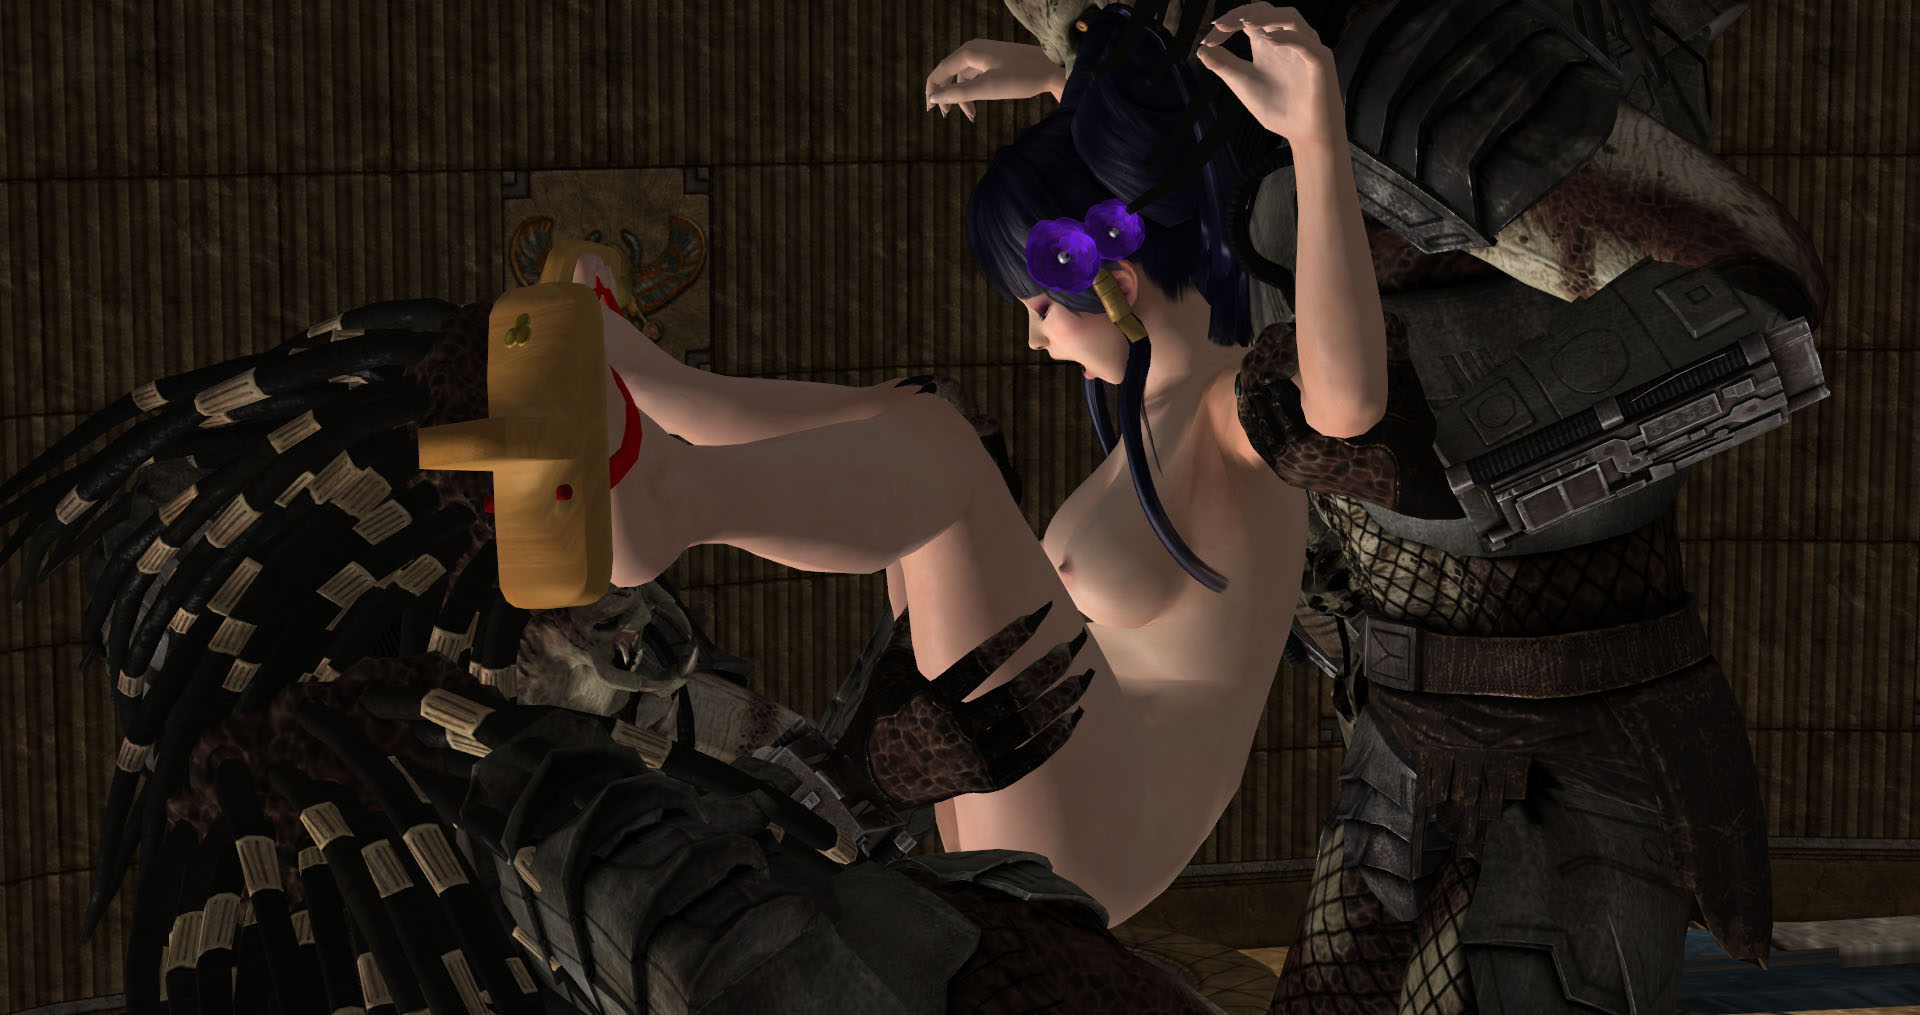 nyotengu_sacrifice_to_pussy_hugger_0024_layer_62_by_bitemonsters-dbgzcmq.jpg
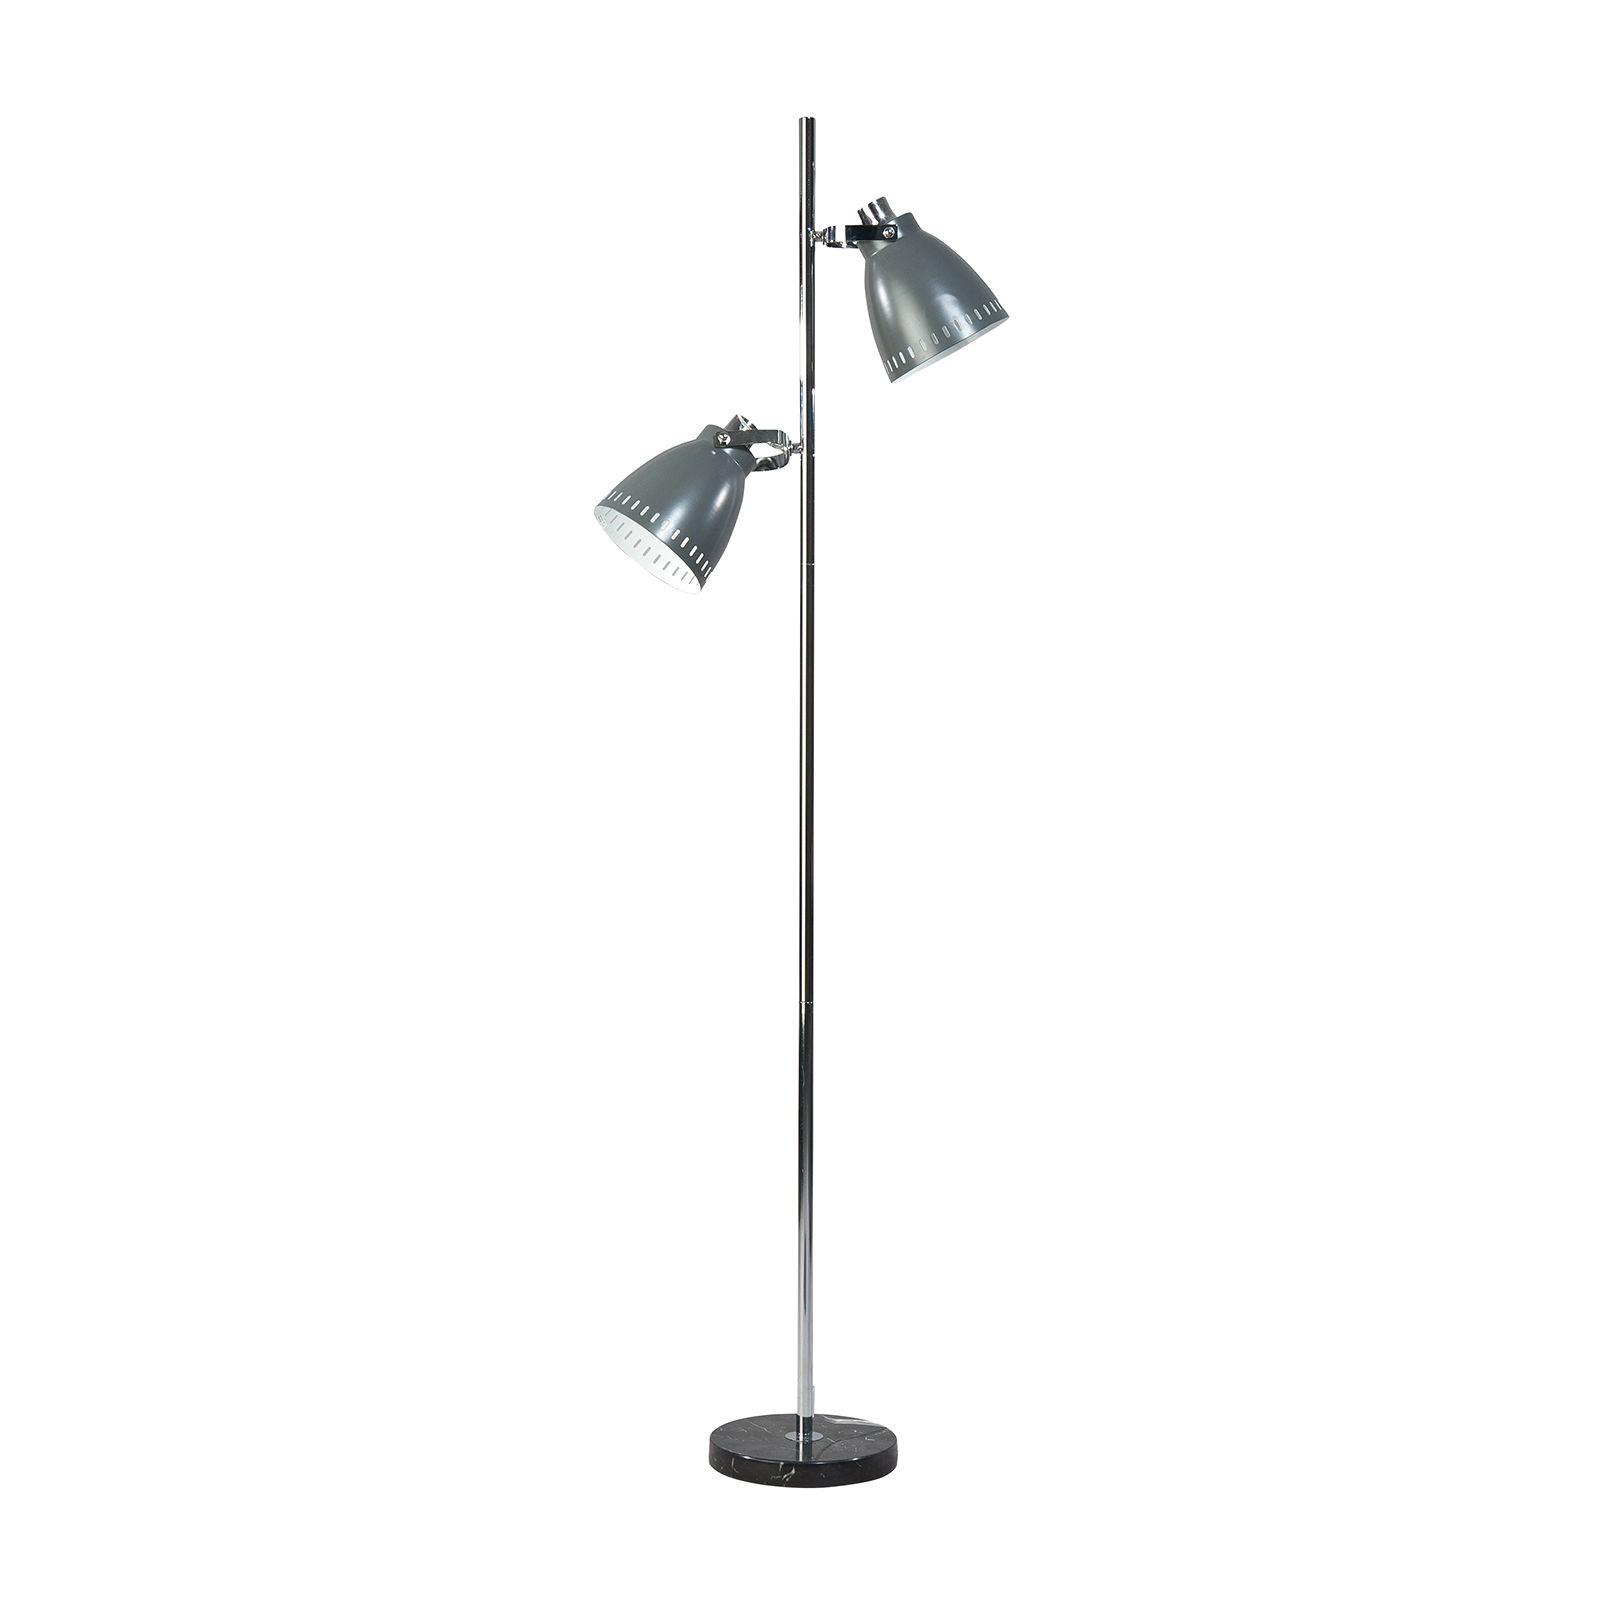 Acate vloerlamp ETH 2x grijs/chroom
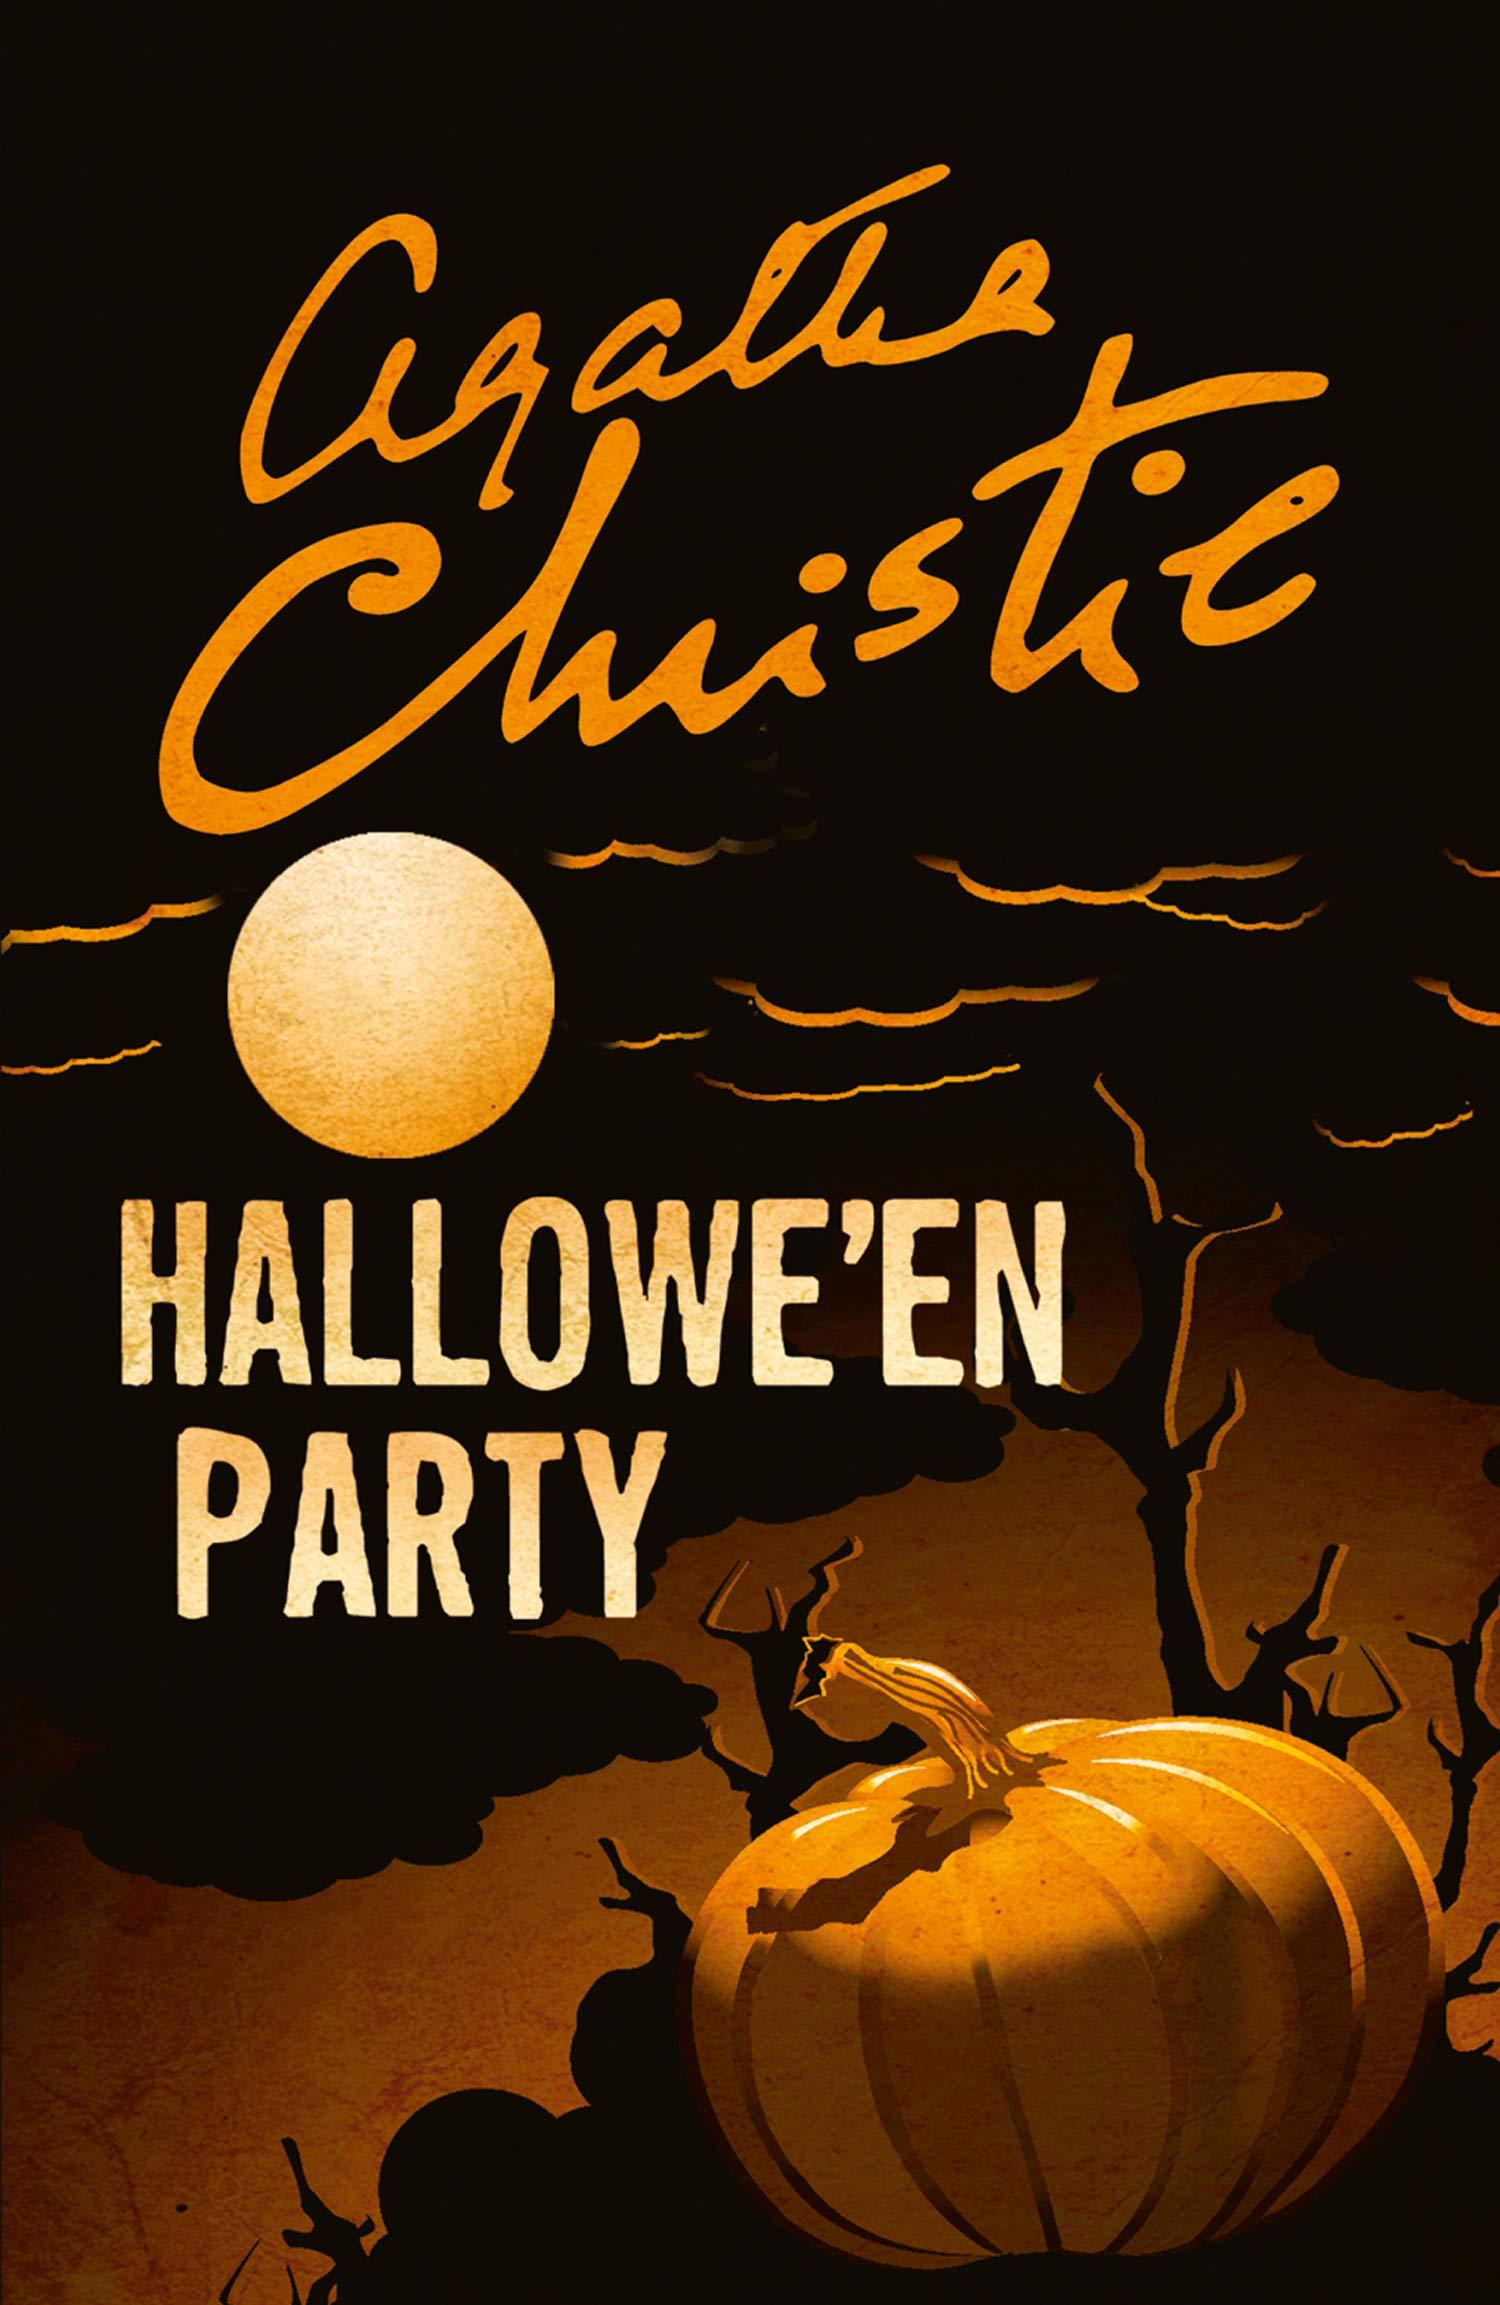 Hallowe'en Party (Poirot): Amazon.co.uk: Christie: 9780008129613: Books
- - -
> [TASK PROMPT] Without any pictures, transcribe the listing above exactly as written.

> [FINISHED EXERCISE]
 nyotengu_sacrifice_to_pussy_hugger_0024_layer_62_by_bitemonsters-dbgzcmq.jpg
 Acate vloerlamp ETH 2x grijs/chroom
 Hallowe'en Party (Poirot): Amazon.co.uk: Christie: 9780008129613: Books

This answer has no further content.